Этот разрыв, установившийся между запасом прочности машины и возможностями живого организма, усугублялся по мере того, как совершенствовалась боевая техника, и в конечном итоге к финалу Галактической войны человеческий фактор начал отходить на второй план.
Как справедливо заметил Волкошин, рождаемость резко падала, а количество невосполнимых потерь росло, отчего пустели перенаселенные миры, а искусственный интеллект боевых машин получал все больше и больше полномочий, что незаметно подвело Земной Альянс к той опасной черте, за которой война грозила перейти в иную стадию.
Семен не знал, что был призван проиграть эту войну.
Его разум еще не впитал всей дикости реального положения вещей, и первый не виртуальный вылет никак не ассоциировался в его сознании с последней, глобальной битвой.
Он видел серо-голубой серп Земли, маячивший на левом траверзе атакующего «Фантома», но в данный миг для Шевцова это был просто еще один небесный объект, ориентир, относительно которого мог быть построен какой-либо курс, но не более того…
Последняя недописанная строка, рожденная в сознании Кейтлин, не находила отклика в душе Шевцова. Он все еще пребывал там, оперируя понятиями оцифрованного фантомного мира, по сути – грезя наяву…
Бортовой хронограф «Фантома» отсчитывал сейчас последние секунды заблуждений, после чего явь войдет в разум Семена, однажды и навсегда…
* * *
– Клименс, мы под атакой!
Забывшись, Семен произнес эту фразу вслух, но бортовая киберсистема с одинаковой скоростью воспринимала как мнемонические приказы, так и обыкновенный голосовой ряд.
Звено «Ягуаров» появилось в радиусе сенсоров кормовой полусферы как раз в тот момент, когда «Фантом» Шевцова заканчивал огибать изуродованный участок вражеского крейсера.
Корабль резко накренился – это Клименс отработала двигателями коррекции, заставив «Фантом» вращаться вокруг своей оси, и тотчас с мелкой вибрирующей дрожью заработало кормовое вакуумное орудие.
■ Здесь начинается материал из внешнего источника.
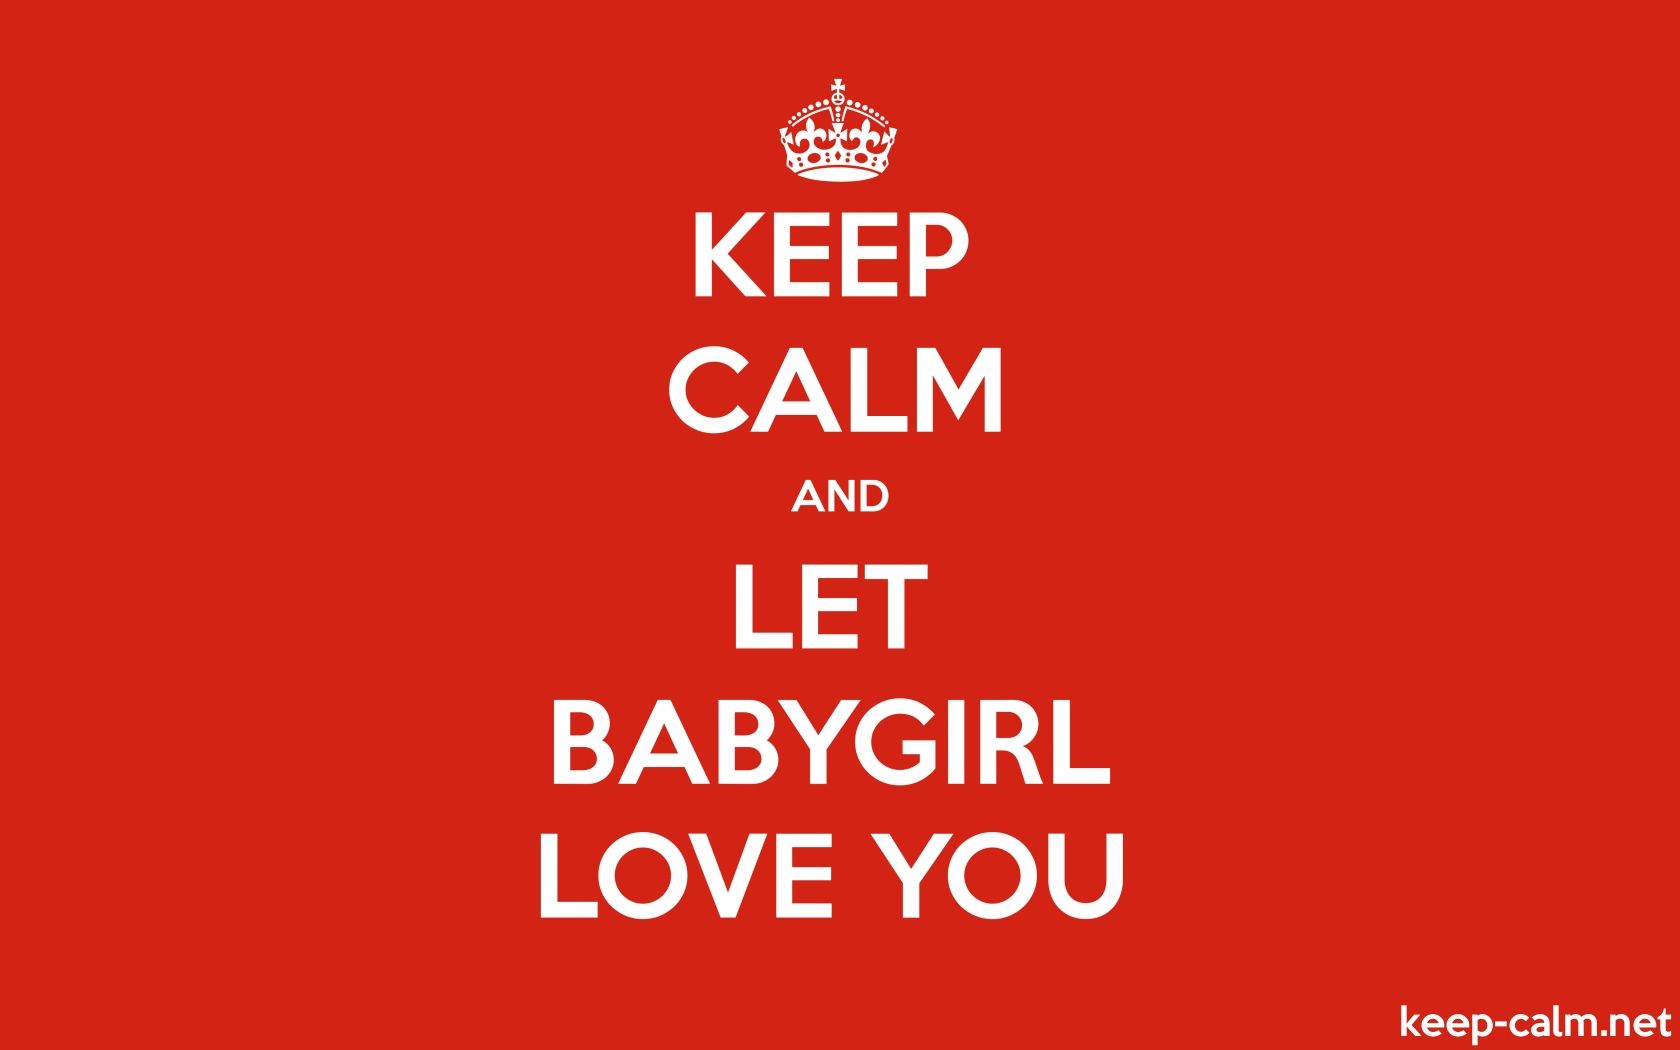 KEEP CALM AND LET BABYGIRL LOVE YOU
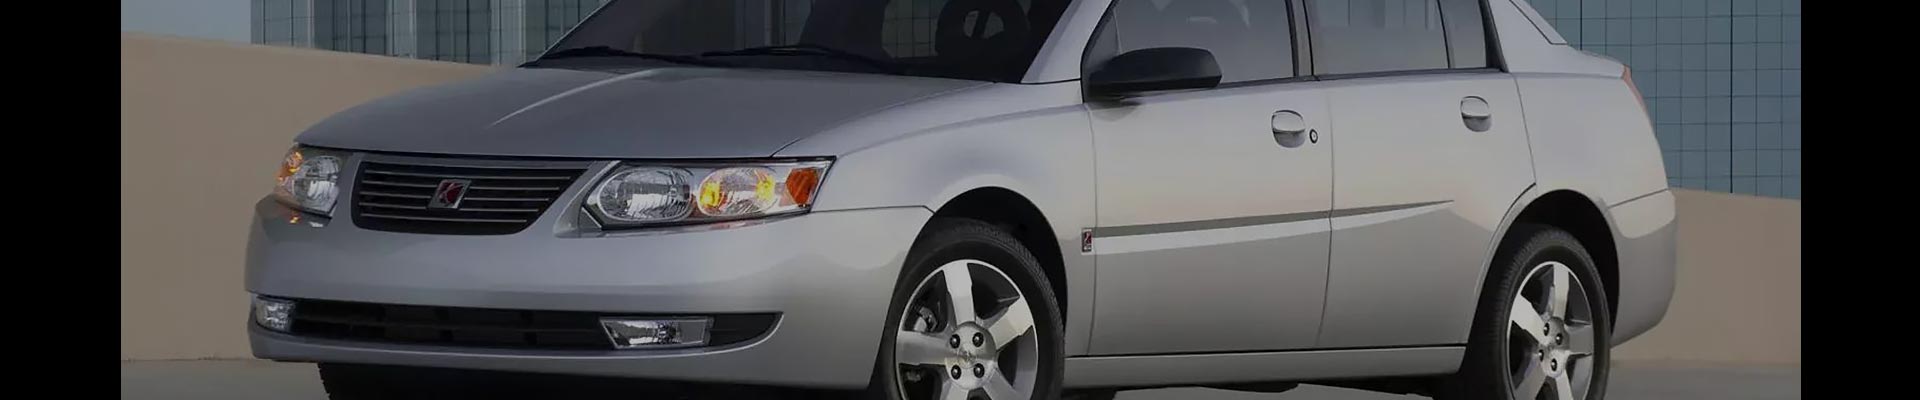 Shop Replacement and OEM 2006 Saturn Ion Parts with Discounted Price on the Net

Головной истребитель противника внезапно окутался беззвучным взрывом декомпрессии. Его броня, прошитая кумулятивными снарядами, потеряла герметичность, и давление заключенного внутри машины воздуха начало ломать отдельные бронеплиты, расширяя дыры от попаданий.
Два ведомых резко отвернули в стороны, сойдя с прямого курса атаки, – теперь им стало не до одинокого «Фантома», – стремясь избежать столкновения с обломками ведущего, «Ягуары» мгновенно канули в пучине разрозненных сигналов, которые окружали вражеский корабль.
Семен скосил глаза на панель приборов.
До «Интерпрайза» пять тысяч километров, а три звена «Гепардов» уже изготовились к ракетному залпу. Их строй распался, теперь каждый из штурмовиков противника был волен избирать свою цель, благо флагман земного флота являлся отличной крупной мишенью.
Где же остальные «Фантомы»?.. – мелькнула в сознании Шевцова вопросительная мысль.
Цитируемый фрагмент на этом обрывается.